WORK ORDER:
Leaving out the images, please reproduce each line below exactly.

SUPPLIED MATERIAL:
•••

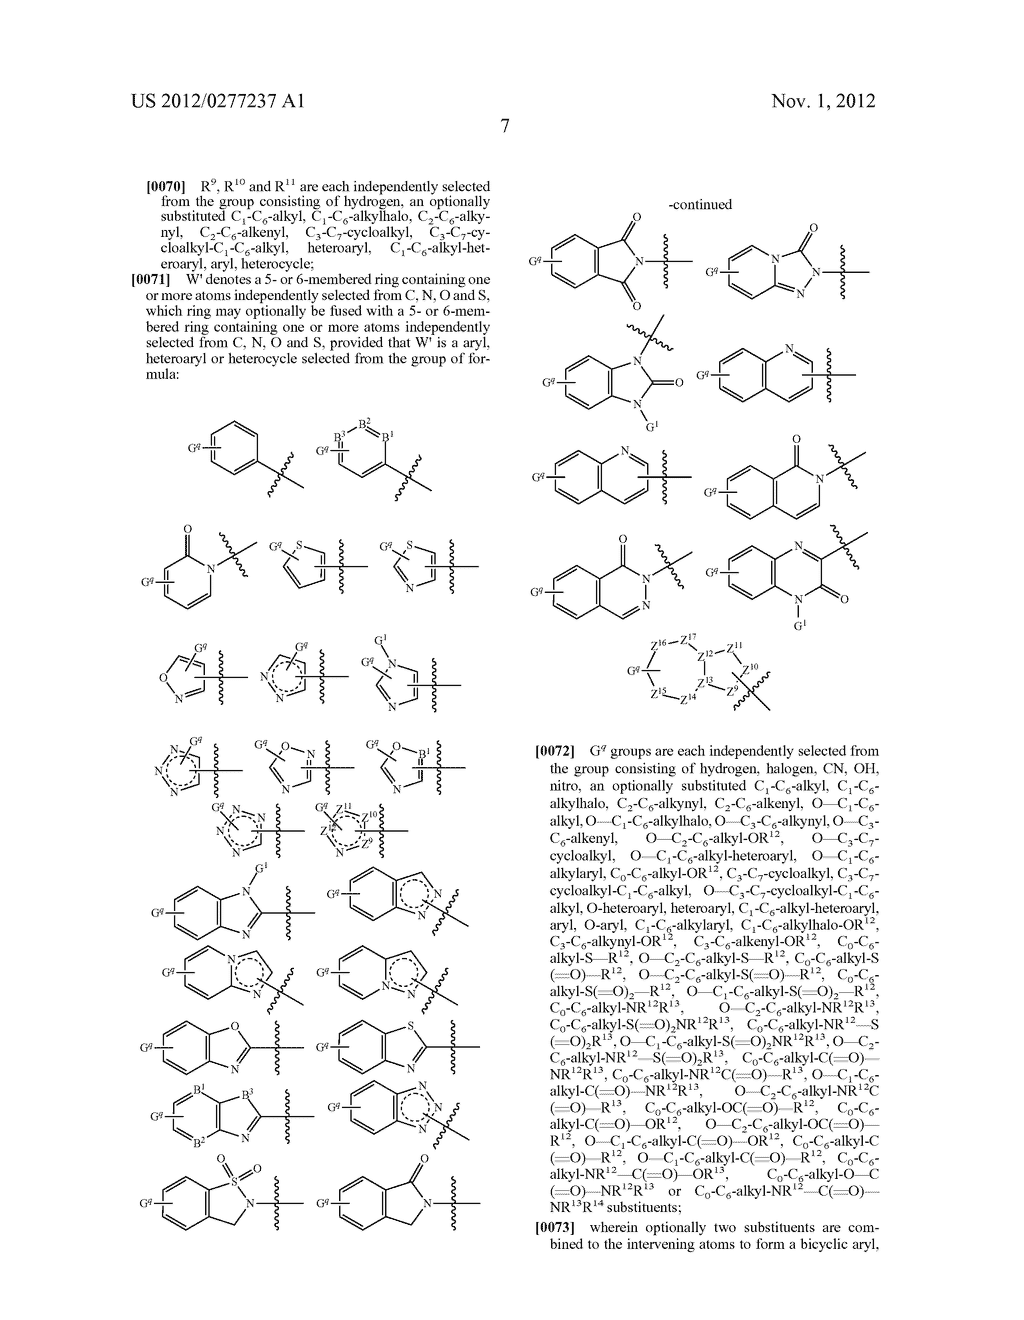 NOVEL ALKYNYL DERIVATIVES AS MODULATORS OF METABOTROPIC GLUTAMATE     RECEPTORS - diagram, schematic, and image 12
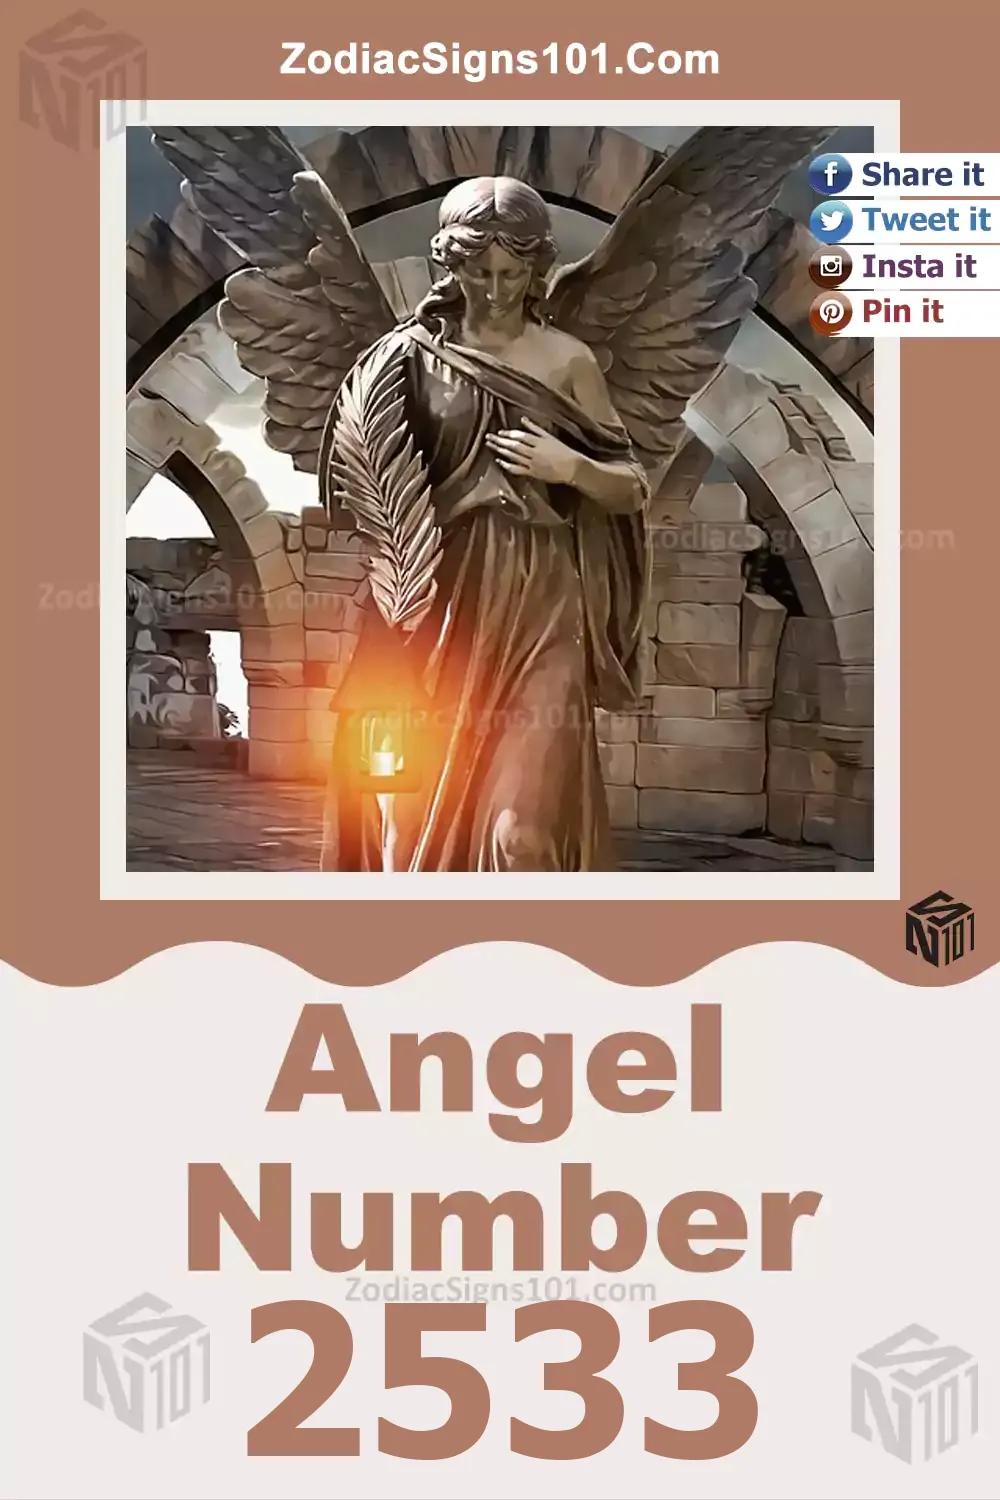 2533-Angel-Number-Meaning.jpg
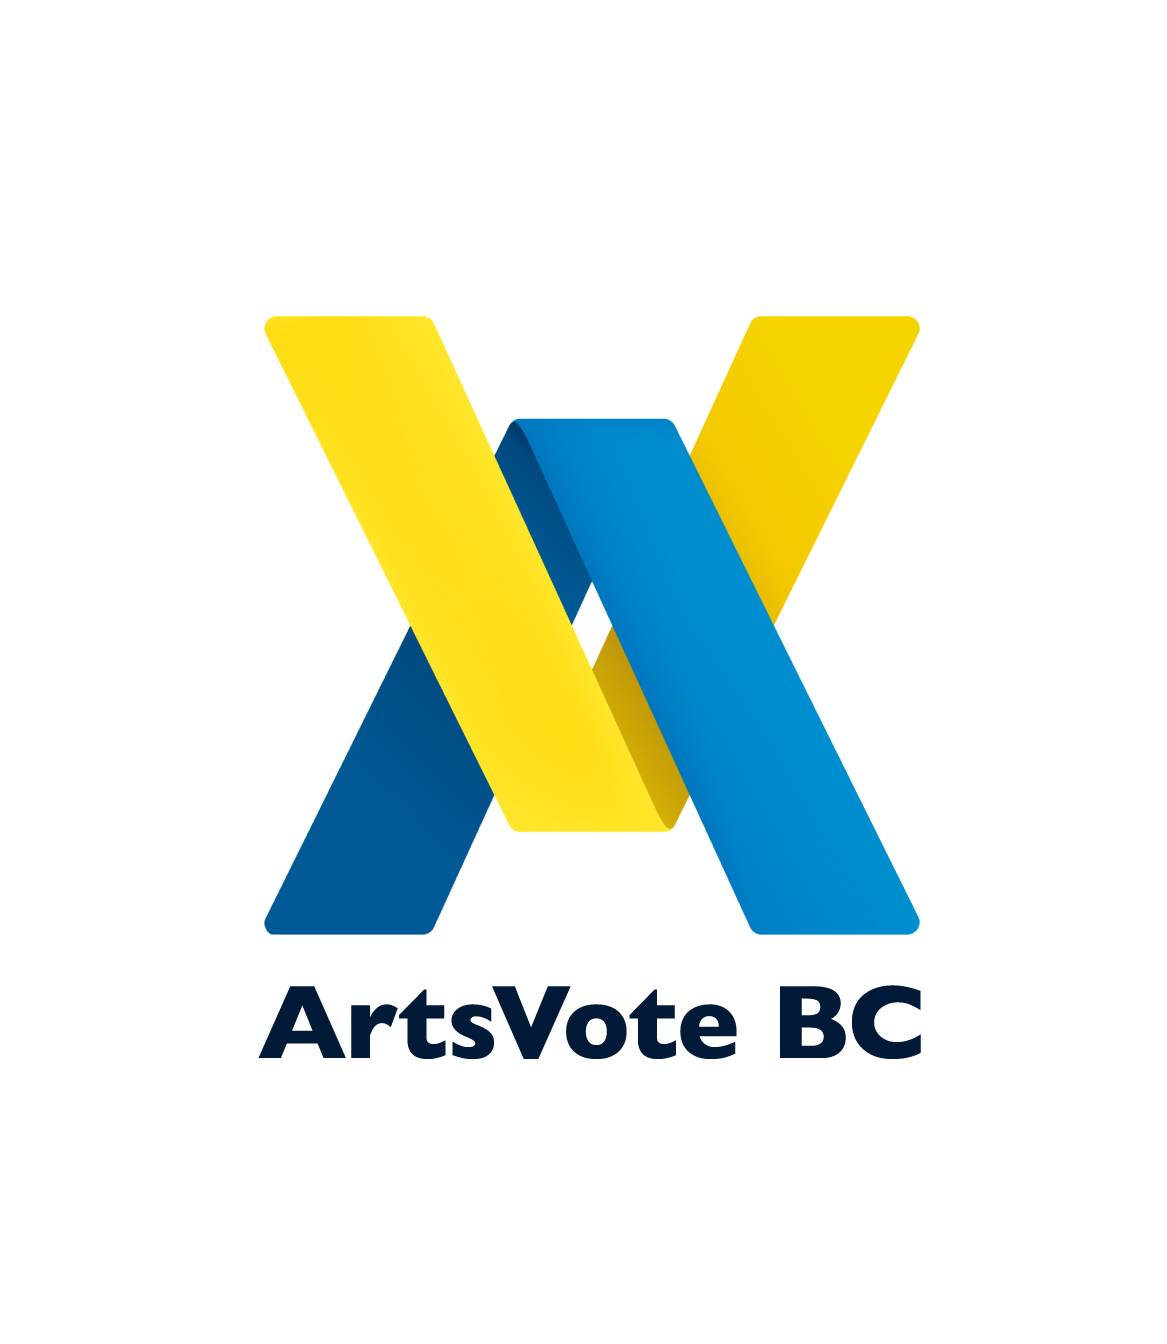 ArtsVote-BC-logo-revised-2017.jpg

•••

WRITTEN RESPONSE:
 NOVEL ALKYNYL DERIVATIVES AS MODULATORS OF METABOTROPIC GLUTAMATE     RECEPTORS - diagram, schematic, and image 12
 2533-Angel-Number-Meaning.jpg
 ArtsVote-BC-logo-revised-2017.jpg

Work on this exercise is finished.